Yesterday I was working hard. I was sitting on the couch for a lot of the day. I talked on the phone to a dear friend. At 10am I had a bath with rose petals, coconut and Epsom salts. I wrote in my journal, listened to sad music and fed myself sporadically. At one point I read a children’s book, out loud, to myself. Finally by sunset I had come to my senses enough to meditate formally. I sat on my cushion for twenty minutes before heading down the dusky inner city street to buy myself dinner.
Perhaps you’re wondering how I can call this work? My work was emotional processing. This is the work I am most committed to now. This is the work that our culture has ignored for too long, to our detriment. It is the work of the inner world. I feel particularly drawn to this work in winter. I used to push myself to achieve in the outer world, school and university semester dates meant that this was when I was required to push myself. I believe this disconnect from my inner self at the time when the season calls me to go inward was a major cause of my depression.
This week I was working with my deepest, most vulnerable and painful self. Access to this part of me, a part I haven’t seen close up for years, was gifted to me through a romantic breakup. This is the situation that I still struggle to love myself through. It becomes a mirror for other kinds of loss and grief in my life. Breakups have the power to ‘trigger’ me like nothing else and this was a big one. Even though the romance ended a couple of months ago it was re-activated last week by another kind of break up, ending my job as a teacher. Yesterday I was swept up in a wave of emotion that felt scary because I (whoever that is) was no longer in control.
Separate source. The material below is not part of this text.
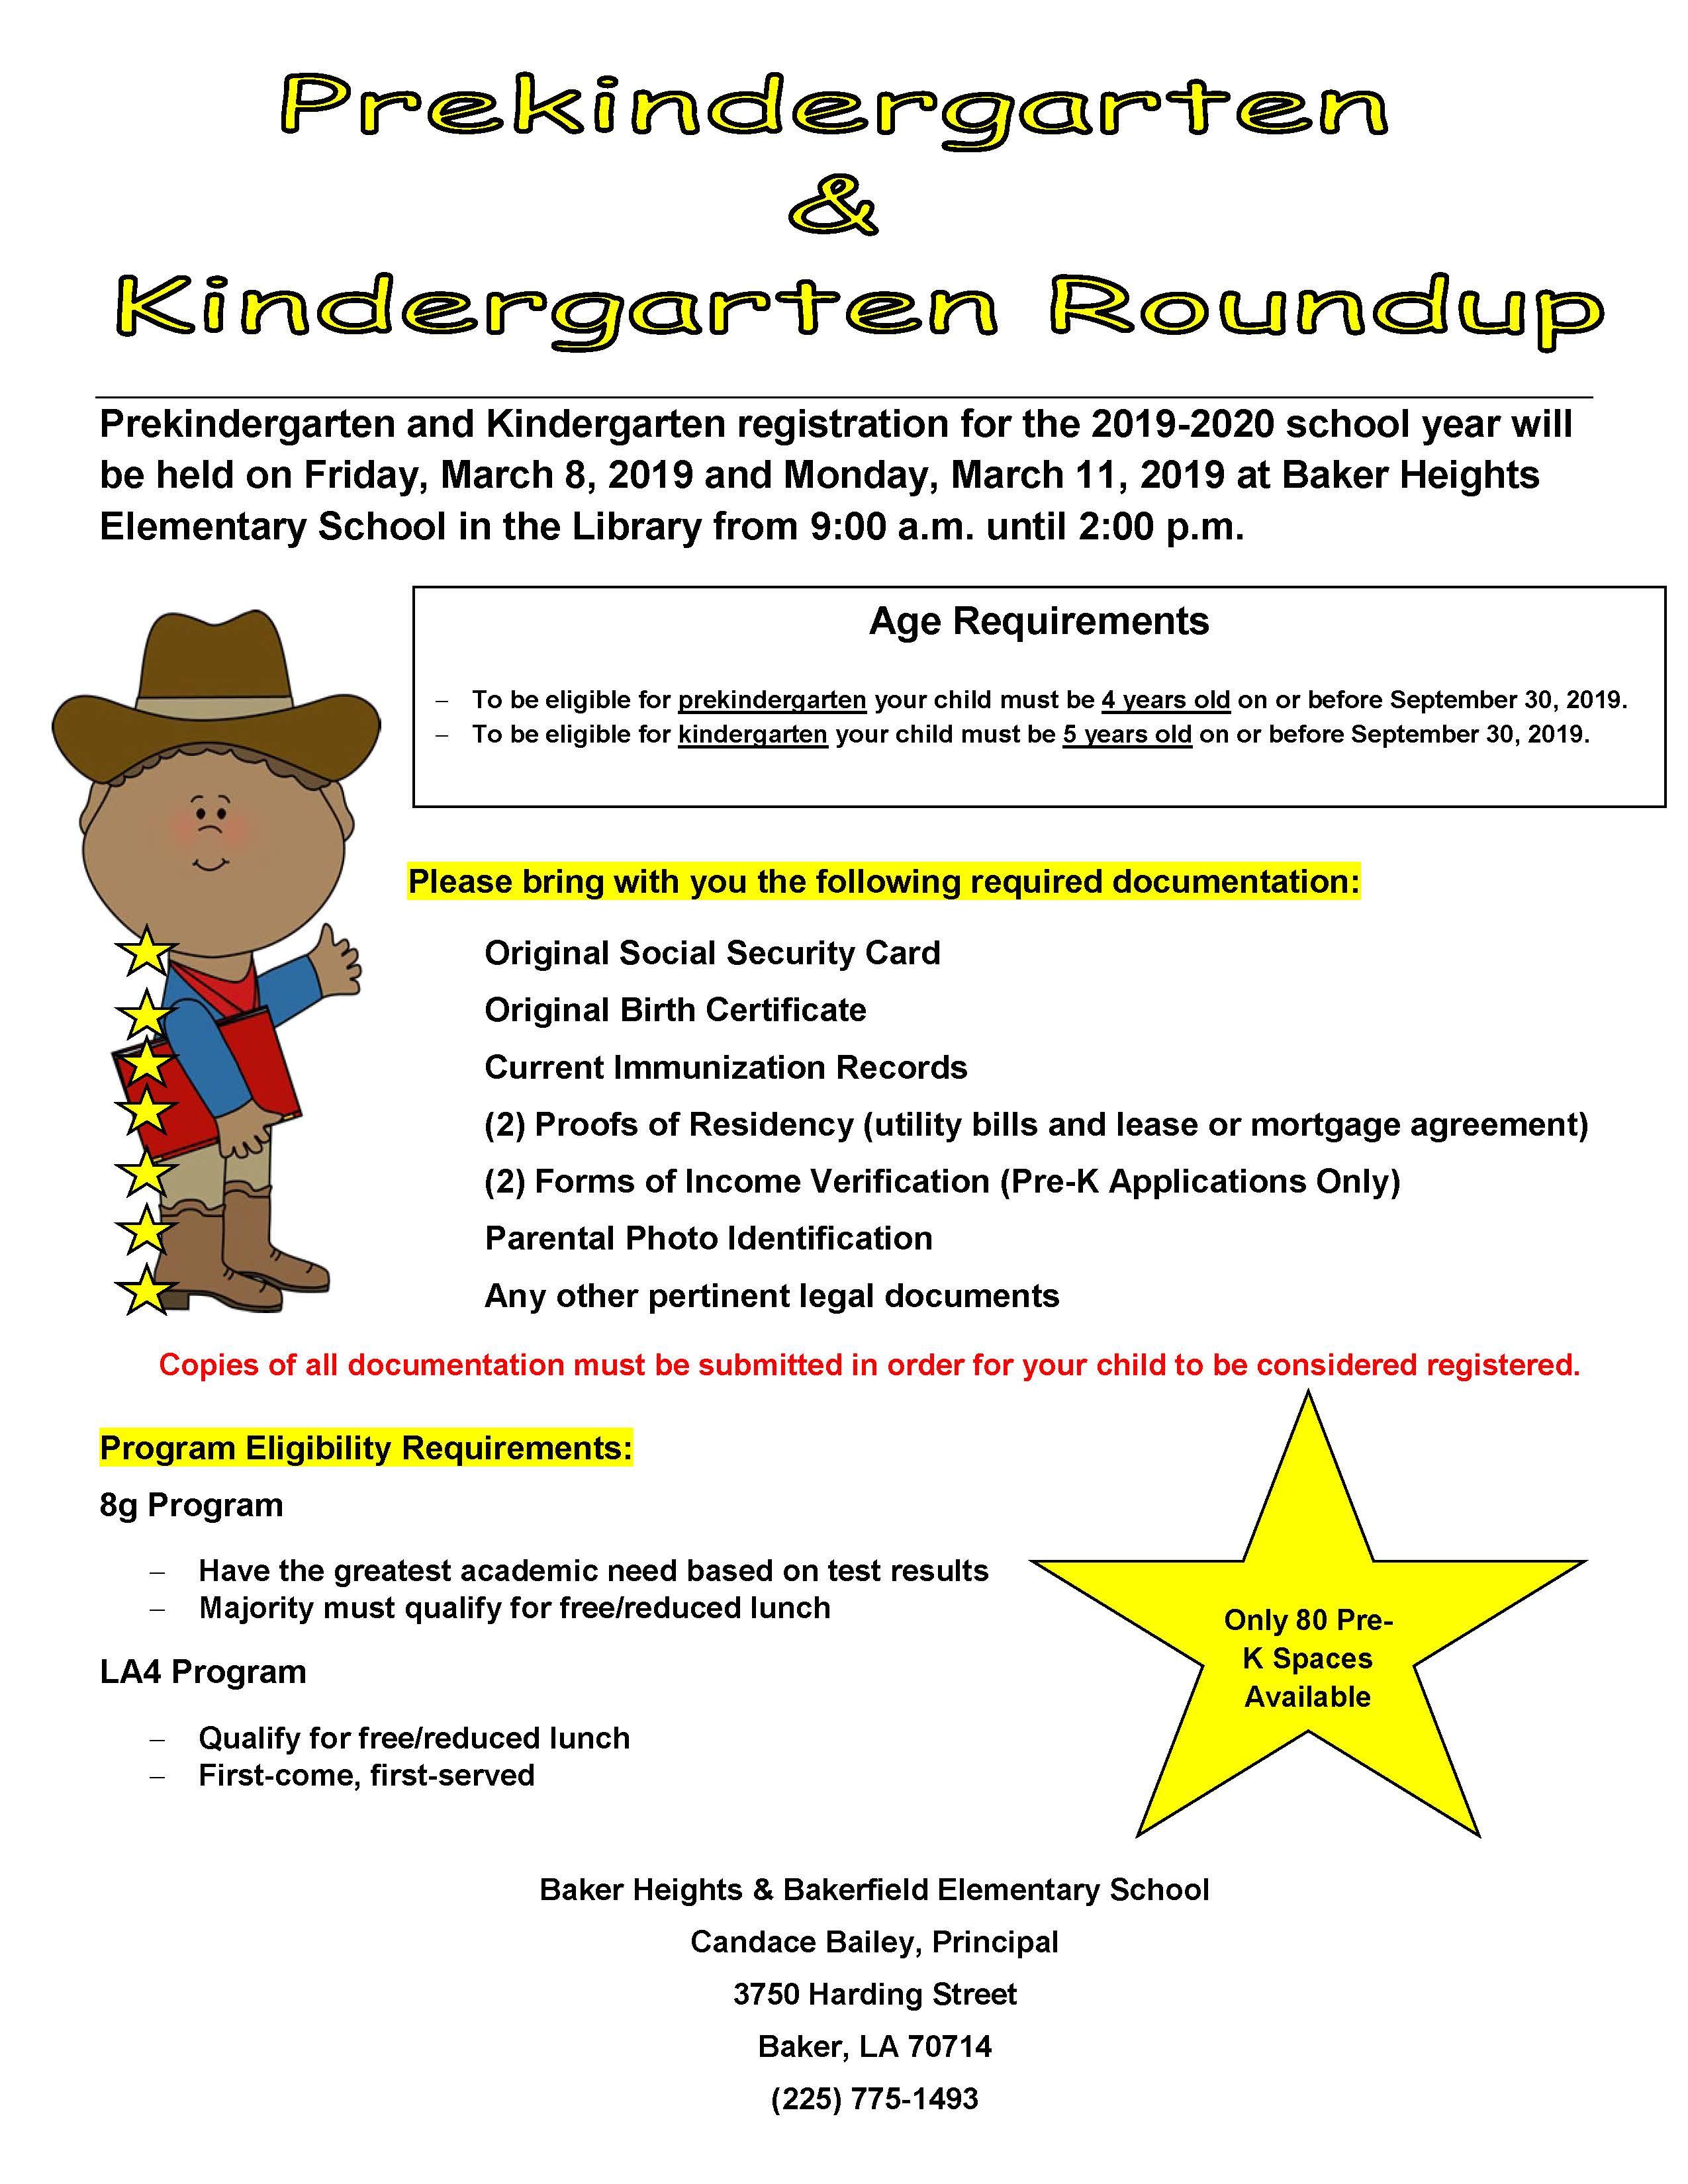  a photo of the 2019-20 Pre-K and K roundup announcement

I realized that my task for the day was to accept this lack of control. I accepted that that I couldn’t make myself feel happy or even balanced about this situation. I couldn’t make myself be the loving, compassionate person that I normally perceive myself to be. As I exchanged Facebook messages with my ex-boyfriend I wanted to access that part of me but couldn’t. Even though I could glimpse the bigger picture. Even though I knew that hurting him was not the answer.
Yesterday I seemed particularly unable to stop myself from falling into a black hole of pain. I think it began deep in my subconscious. I dreamed of tiny, vulnerable, neglected kittens. Waking up soon after 6am my thoughts continued along this vein and overwhelmed me before I was even out of bed.
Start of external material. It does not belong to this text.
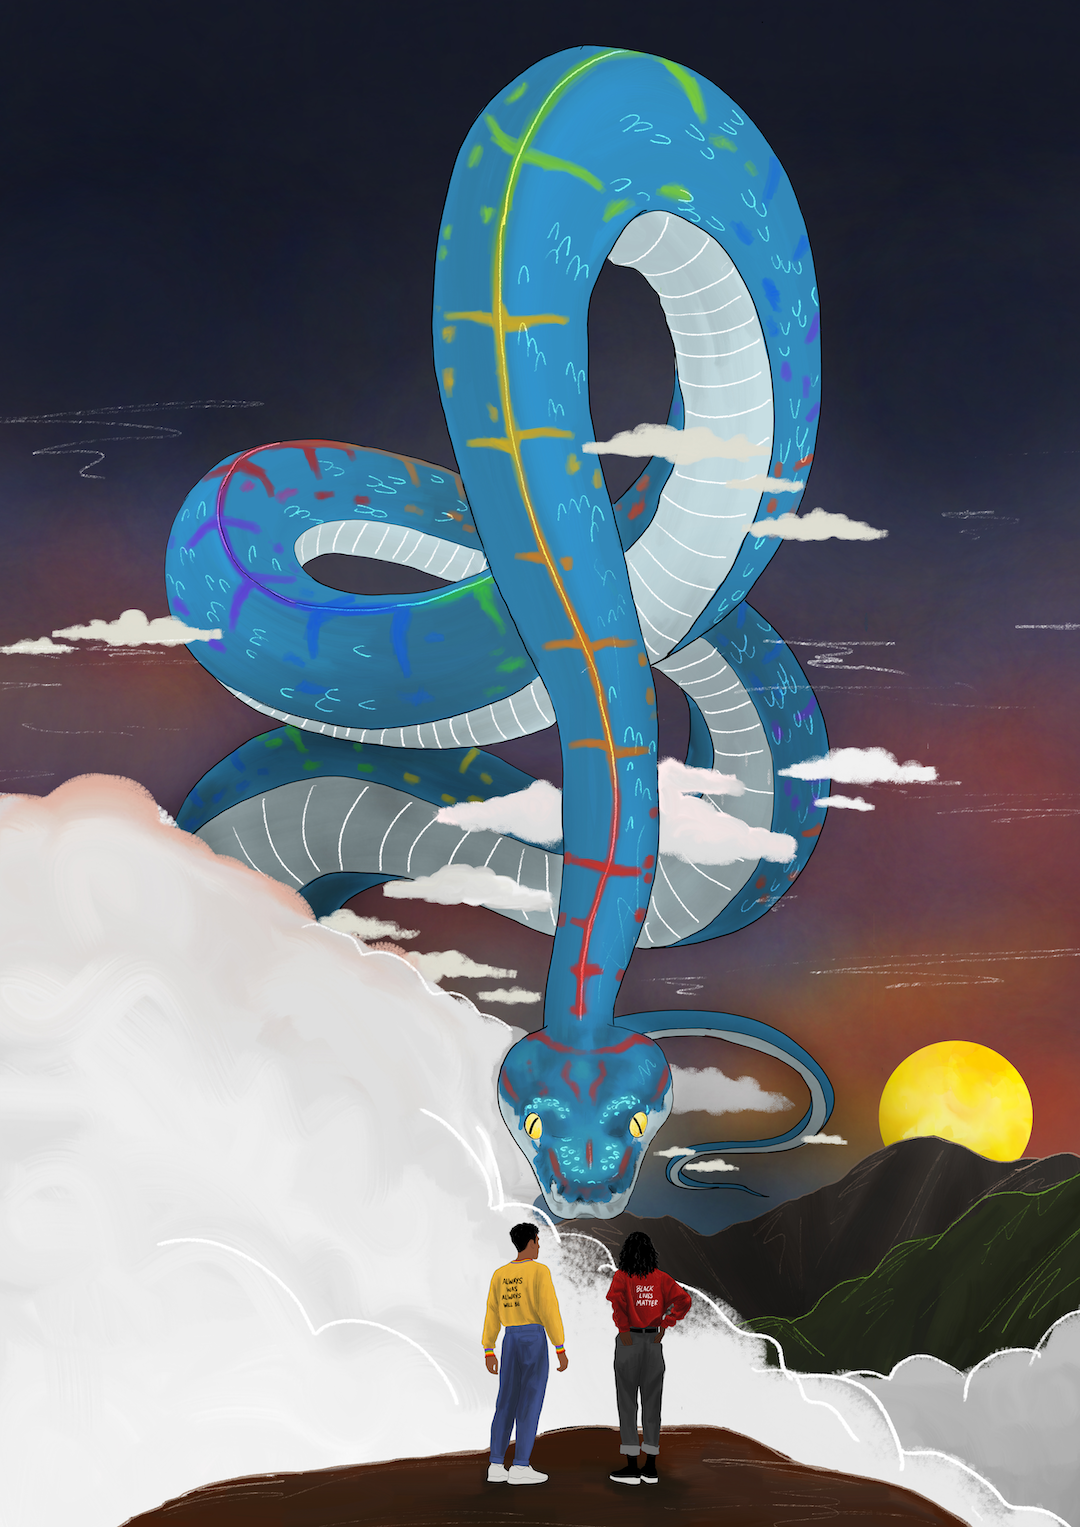 An Ancestral spirit snake appears to two people on an astral plane, floating in the sky against a setting sun.

I made it upstairs but was unable to sit down to the meditation practice that I normally do to begin my morning. Instead I sat on the couch and started to cry. By 7am the day’s work was well underway. I wrote down my dream and kept writing following a series of prompts to try to understand what was going on in my inner world. I could feel my child self clearly. I decided that I needed to nurture that part of myself.
So I found a children’s book and began by reading it aloud to myself. I had stumbled upon the pithy tale Tiny Spook’s Tumble by Swedish writers Inger and Lasse Sandberg.
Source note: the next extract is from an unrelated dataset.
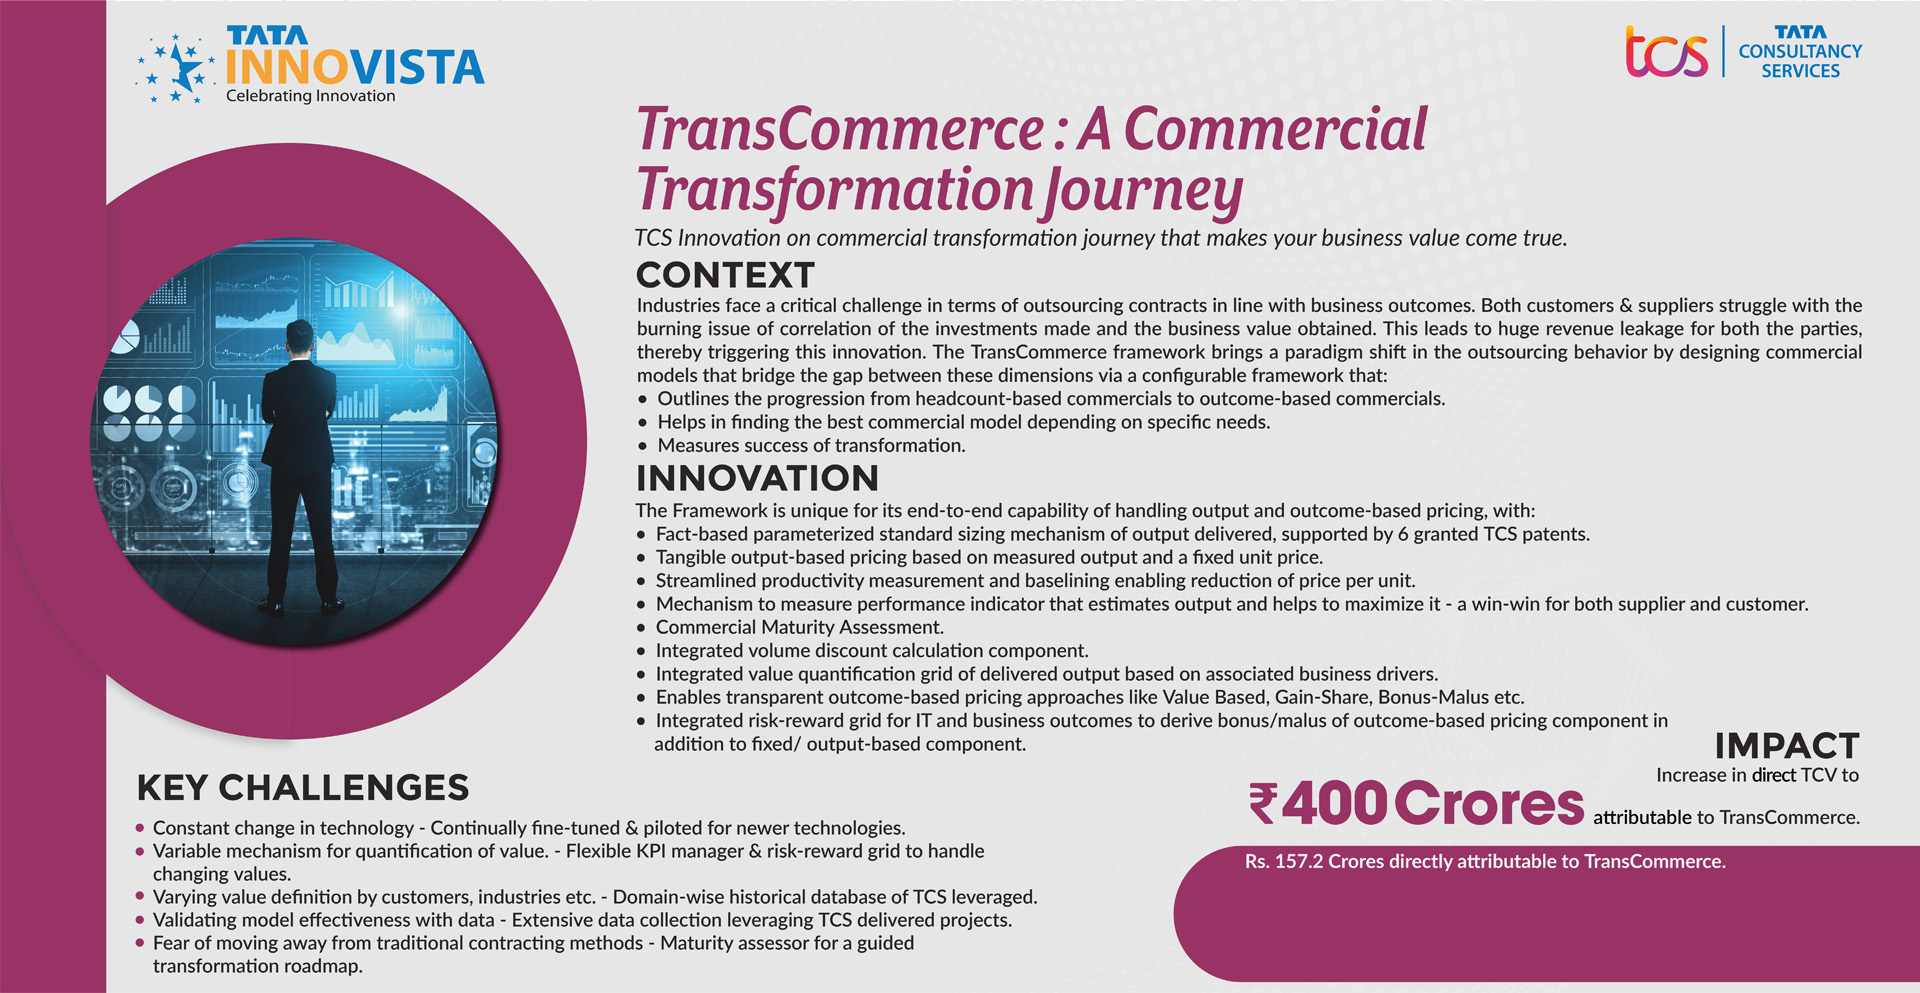 Tata Consultancy Services - TransCommerce

In this story Tiny Spook is having a day rather like mine. She keeps tripping over and screaming. Then she blames whatever she tripped over and Little Spook, her exasperated brother removes it in order to keep the peace.
First it’s the grass, then the path, the steps, the castle, an umbrella and finally her father.
“And Tiny Spook was left all alone…. It wasn’t fun at all.
Tiny Spook cried and cried… But no one heard her. No one came.”
Finally she got tired of crying and began to reconstruct her world. When she has put back the path, the castle, the grass and the steps her family return.
I read this book and knew I was doing exactly what Tiny Spook had done. But there was a further problem compounding it. I’m not tiny and ignorant. I knew exactly what I was doing and I did it anyway. I knew that really all I was doing was hurting myself but I couldn’t stop from doing it. My emotions were taking me on a wild ride against my better judgement.
Because of my meditation practice I have learned to observe my experiences in ever-greater detail. Despite the intensity of my emotions I managed to notice those few moment when a simple thing brought me back to the beauty of the present moment. A cat sitting by the fire, a screen saver of trees in the mist, the chill of the evening air as I set off to get my dinner. Noticing these moments reminded me that all is impermanent, even the mood that at other times in the day had me understanding why suicide can seem like a sensible option.
Above it all I knew from my previous work that this emotional intensity was a wonderful opportunity, a gift. It was the perfect opportunity for me to practice self-love. It was the ideal classroom for me to learn to respond to whatever arose with gentleness rather than harshness. I loved myself even though I knew I was doing the ‘wrong’ thing. I accepted all my feelings, even the nasty, negative ones. To do otherwise would have only perpetuated the cycle, adding judgement and blame in yet another layer of pain.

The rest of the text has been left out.